When we run tests for sols (split one long string) and smss (split many
short strings), they fail with the output suggesting that the strtok version
produced a different output:
$ make test-sols
diff -q --from-file output/sols-iter output/sols-iter-struct output/sols-strtok
Files output/sols-iter and output/sols-strtok differ
make: *** [Makefile:54: test-sols] Error 1
$ make test-smss
diff -q --from-file output/smss-iter output/smss-iter-struct output/smss-strtok
Files output/smss-iter and output/smss-strtok differ
make: *** [Makefile:54: test-smss] Error 1
This is intentional. Let's see what is different about them in the sols
case:
$ make --silent run > /dev/null
$ wc --lines --total never output/sols-{iter{,-struct},strtok}
1650689 output/sols-iter
1650689 output/sols-iter-struct
1650688 output/sols-strtok
$ diff --from-file output/sols-strtok \
<(head -1650688 output/sols-iter) \
<(head -1650688 output/sols-iter-struct)
$ tail -n 3 output/sols-{iter{,-struct},strtok}
==> output/sols-iter <==
z
z
==> output/sols-iter-struct <==
z
z
==> output/sols-strtok <==
z
z
z
As you can see, strtok version does not end with an extra white space. This
is because strtok stops its execution when the last token is the empty
string. The input string as defined in bench.h ends with a comma as a
delimiter like so: "...z,z,z,". This behavior is indistinguishable from when
the input string ends without a comma: "...z,z,z". I decided to include the
last token in my implementation of iter and iter-struct, so that is why it
outputs an excessive empty line at the end.

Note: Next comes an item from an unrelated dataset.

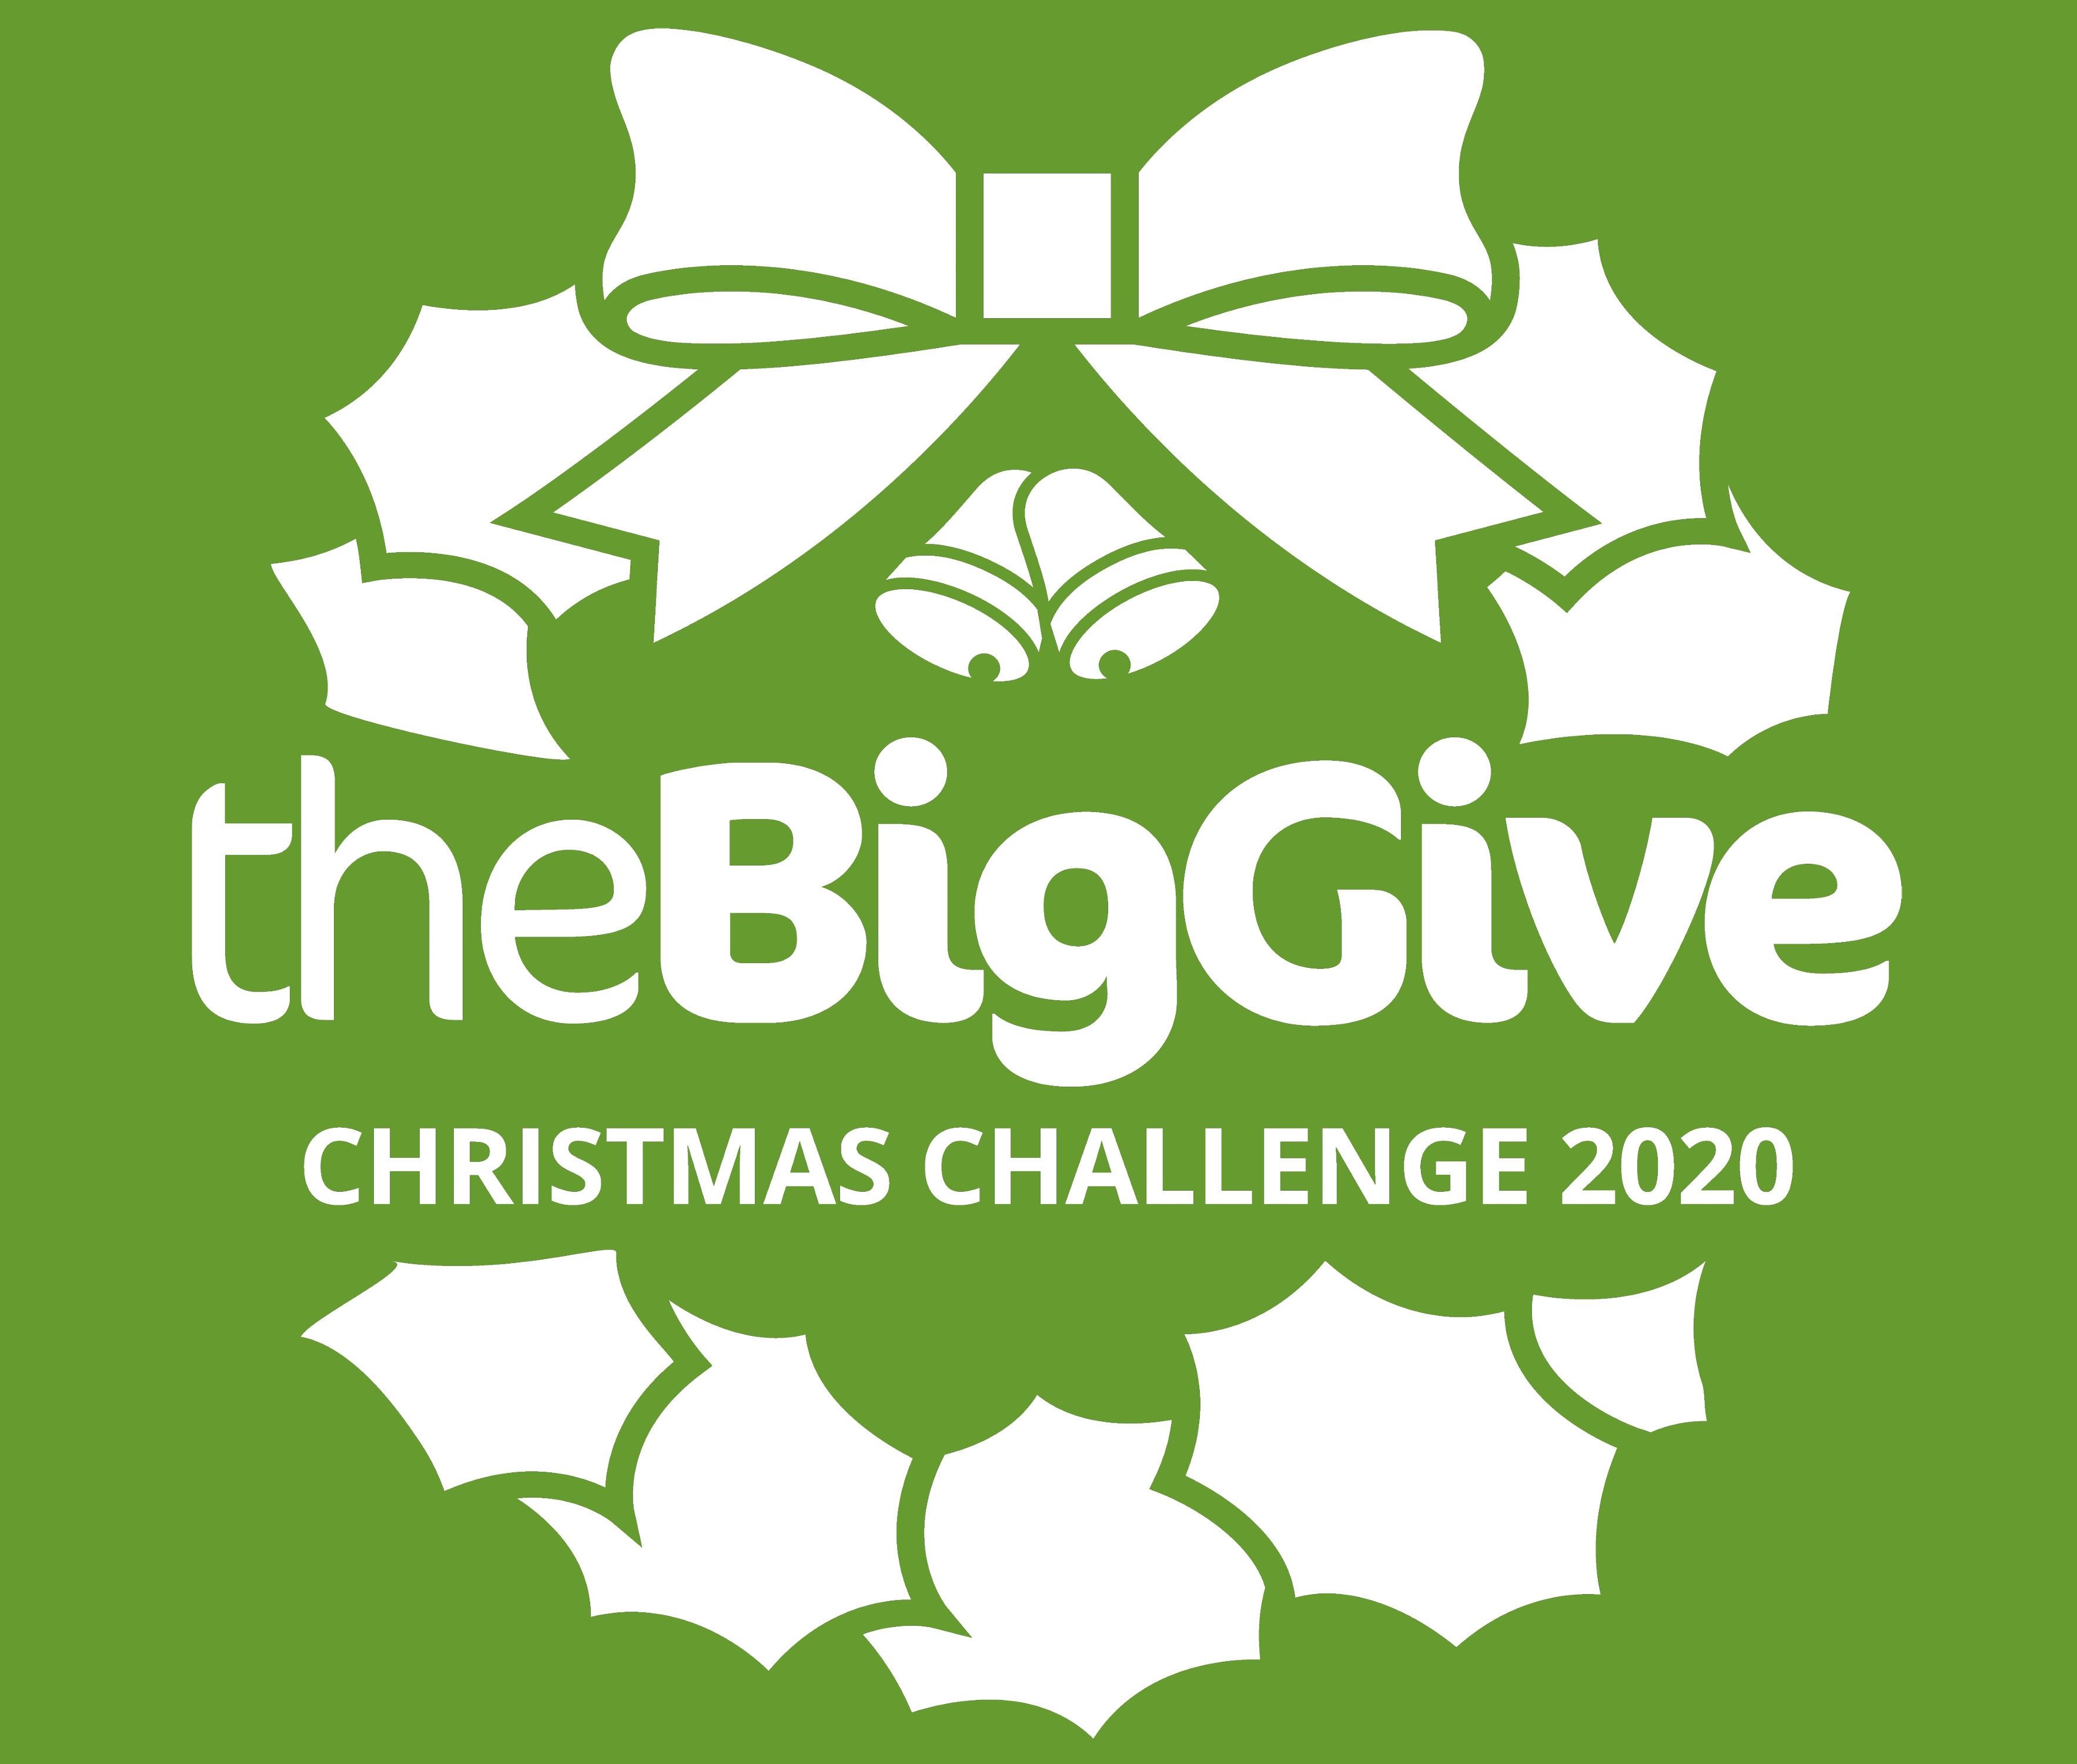 The Big Give Christmas Challenge 2020 logo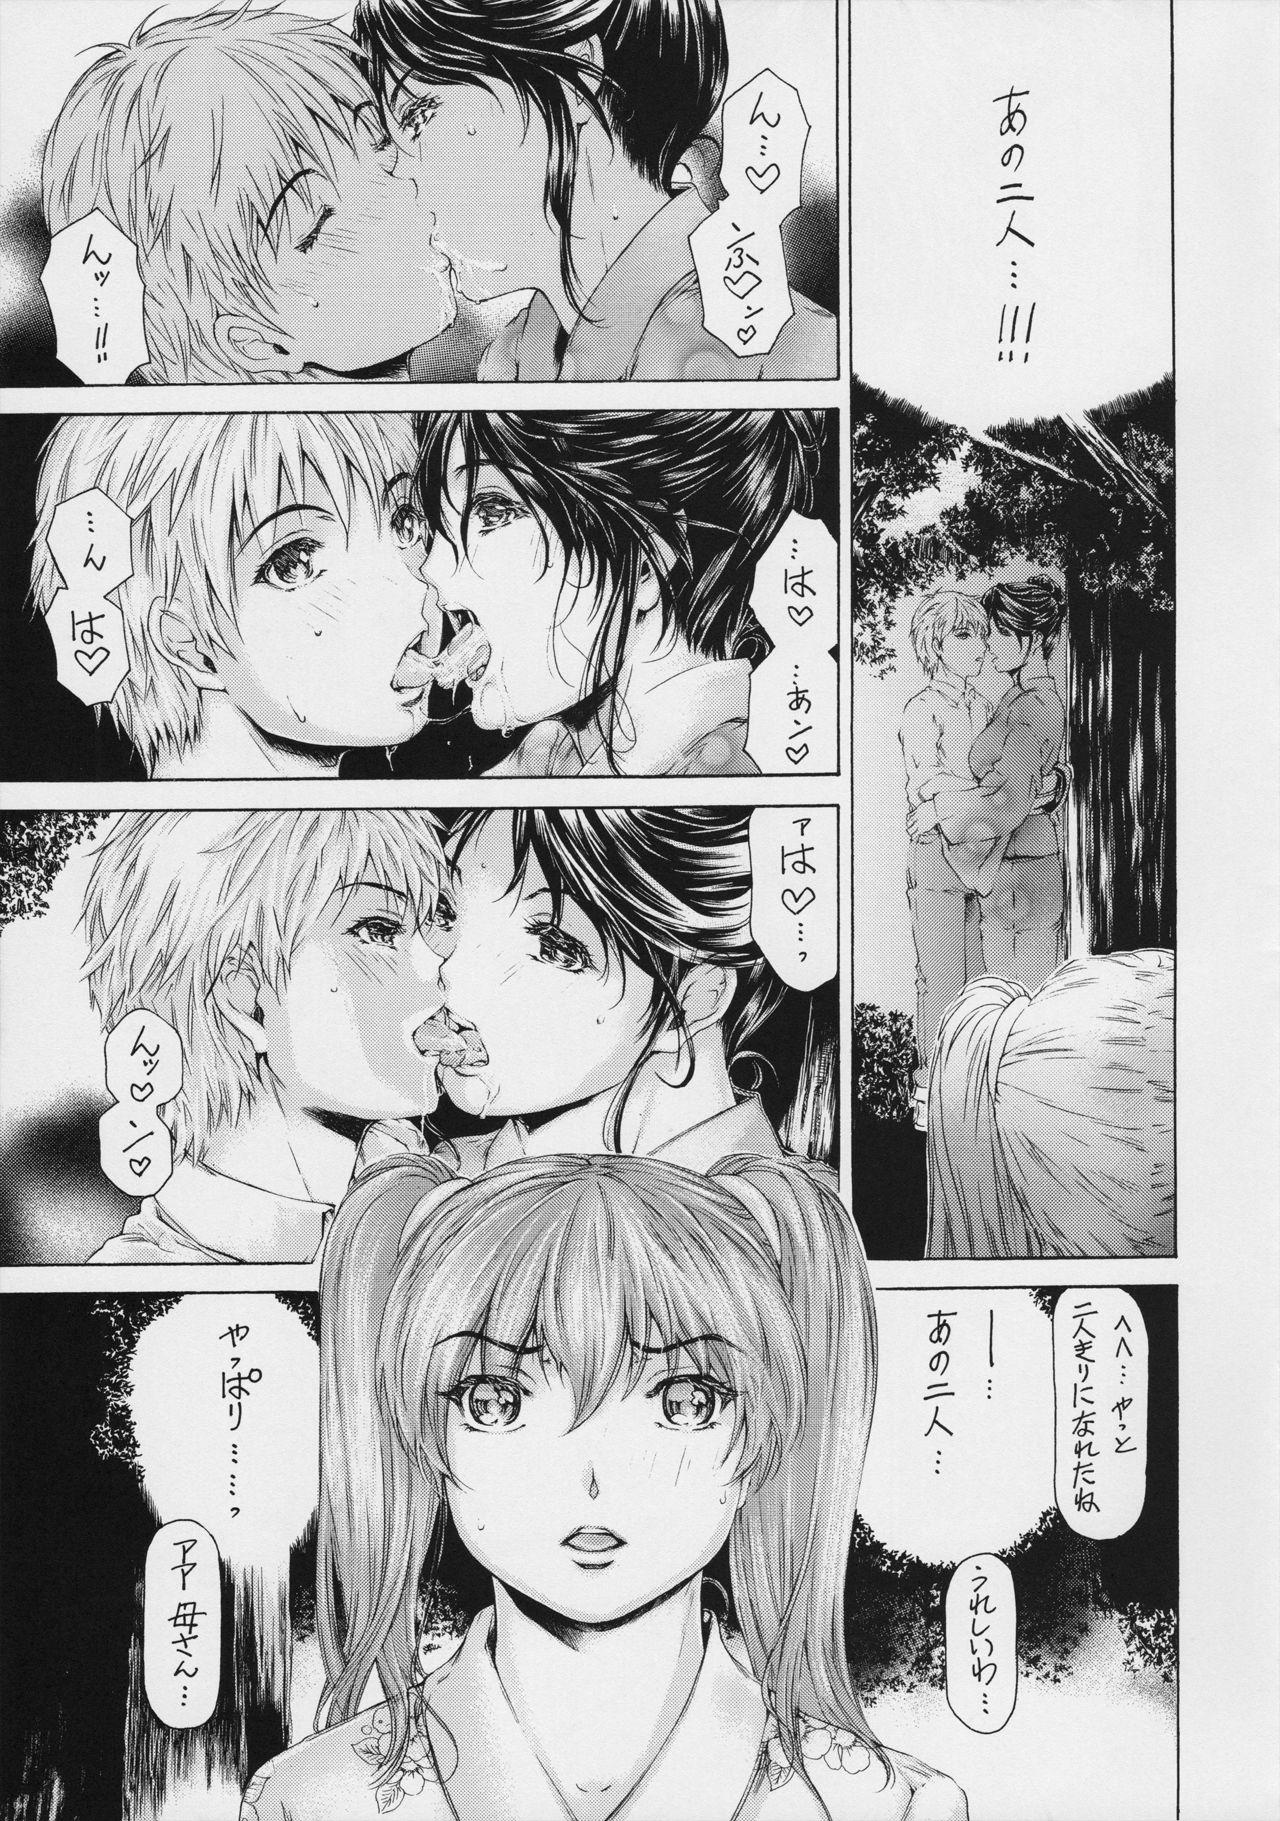 (COMIC1☆11) [Subesube 1kg (Narita Kyousha)] 9-Ji Kara 5-ji Made no Koibito Dai 9 wa - Nine to Five Lover 14

For the smss test, you can see that the strtok version does not output any
white spaces:
$ grep '^$' output/smss-iter | wc -l
1024
$ grep '^$' output/smss-iter-struct | wc -l
1024
$ grep '^$' output/smss-strtok | wc -l
0
$ diff --ignore-blank-lines --from-file output/smss-{iter{,-struct},strtok}
In the implementation of iter and iter-struct, you can get this behavior by
not handling the finish case, thereby freeing a byte-length space in the
stack previously occupied by a boolean flag. I would not necessarily say this
is a bug in strtok. It is probably more apt to say that the initial interface
ended up being exposed as a public API without caring too much about this
corner case in mind.
Through more digging, i found a SO answer saying:
That's a limitation of strtok. The designers had whitespace-separated tokens in mind.
In the same thread, strsep(3) function is mentioned, and the man page of
which states that:
The strsep() function was introduced as a replacement for strtok(3), since the latter cannot handle empty fields. However, strtok(3) conforms to C89/C99 and hence is more portable.
delimited-ext.c has a struct definition for
DelimitedIter2, which accepts multiple delimiters.